Re:How does it work?

[watice]

I haven't heard/read that. As I understood it, a different 3 letter govt agency (FBI was it?) was exploiting weaknesses in Firefox to track TOR users, but I don't believe the TOR network was "compromised by the NSA". I could be wrong though, I tend to not pay attention to conspiracies.

Re:How does it work?

[ihtoit]

that's what I thought!

Please, people, STOP recommending Tor! Here's a bit of forgotten history: Silk Road operated on the Tor network, it was TRACED then TAKEN DOWN by the Met's National Crime Agency.

A primer on the NCA.

Also, please bear in mind that the Tor protocol was developed by the US NAVY. If you do decide to use Tor consider it INSECURE.

also

he also helped invent bitcoin

Re:also

[ArbitraryName]

No, he didn't.

Names No Problem: The Problem Is "traceroute"

Who cares about "Names".

The "real money" will pay $$$$ to obfuscate traceroute!

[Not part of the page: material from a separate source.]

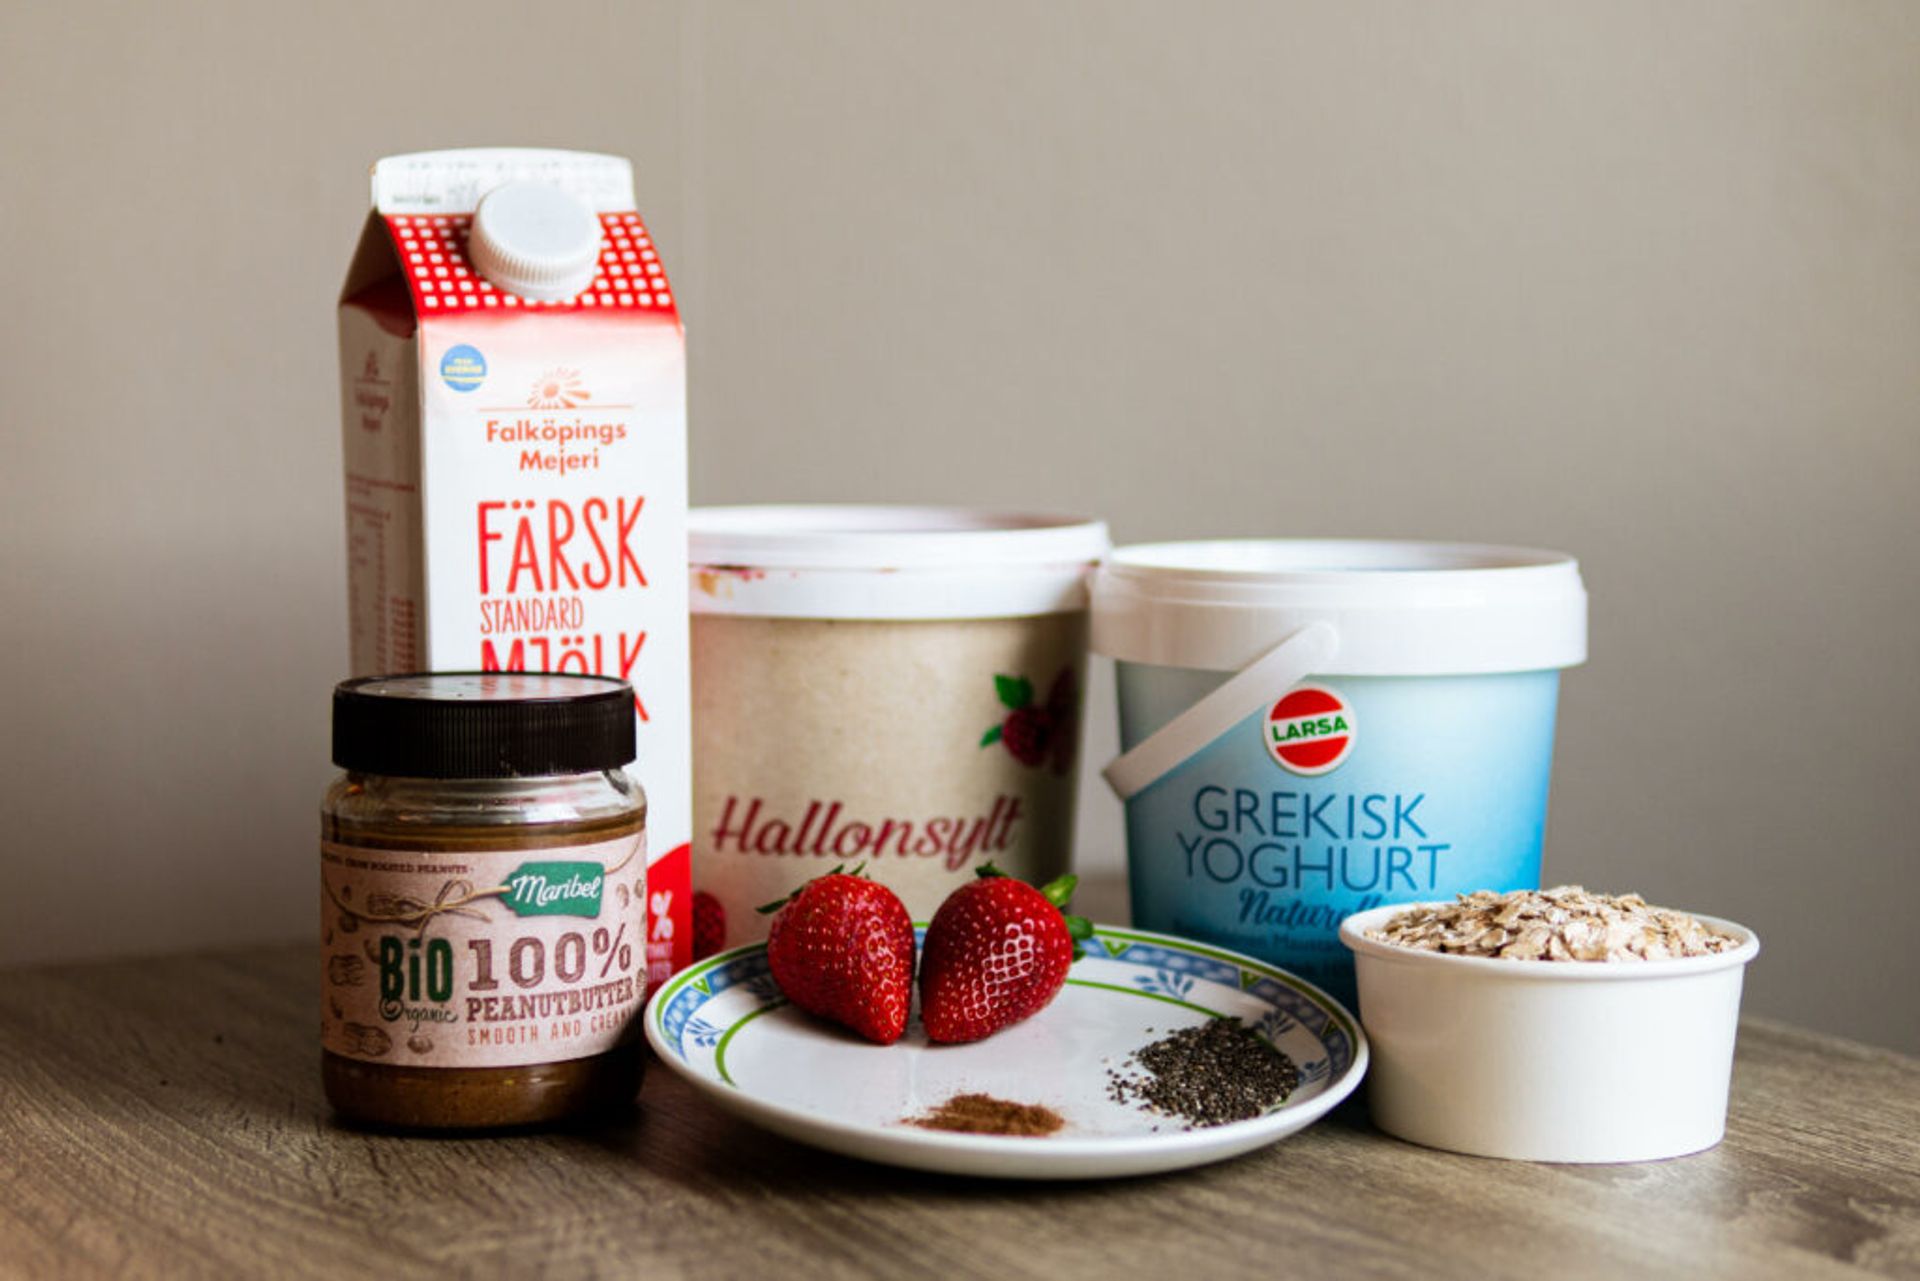 Ingredients for the overnight oats: milk, yoghurt, strawberries, oats, peanut butter

And THE question is: How do we obfuscate ip routes in traceroute?

Let the "Real Money" pay! :)

I am not impressed

Sorry folks - you may starting throwing stones now. But this technology doesn't impress me. Server side encryption is NOT secure and should not be used if people's safety and livelihoods are at risk. There are several examples around using client-side encryption providing true end-to-end protection.

'nuff said-

Michaela

also co-founder of

the TOR and Free Net projects

Not quite the 99 percent solution

Thank you for your thoughtful solution to the personal communications
privacy problem. We regret to inform you that your plan will not work
because:

  [*] The government and big business are against it,
          now you're fighting a two front war.
  [*] NSA is tapping into the carriers backbone networks.
  [*] If NSA is tapping, do you think the carriers aren't looking at
          their own traffic?
  [*] Your crypto is back-doored by NSA.
  [ ] It's not legal. We all know what the law says, but judges say
          what the law really means.
  [*] The Microsoft "_NSAKEY" registry key is for REAL!
  [ ] Your customers can be found "Guilty by Assosciation."
  [*] You'd be shut down in an instant if it worked.
  [*] You have no privacy. Get over it.

tripcodes?

So they 'invented' tripcodes that 2chan has HAD for years n years?!

Sounds good.

[PrimeNumber]

...but in reality it still sucks because the NSA will be continue to log and sniff all traffic between the host and web site.

Can I pick the journalist?

I would hope I could pick the journalist, since the vast majority seem so politically minded that they could very well aid in covering up or discrediting me to preserve their loyalty to their chosen party, whatever it may be.

Over the years, we have expected our journalists to be less and less the unemotional, unbiased recorder of that which happens around them, and more of an emotional, combative and idealogical superhero.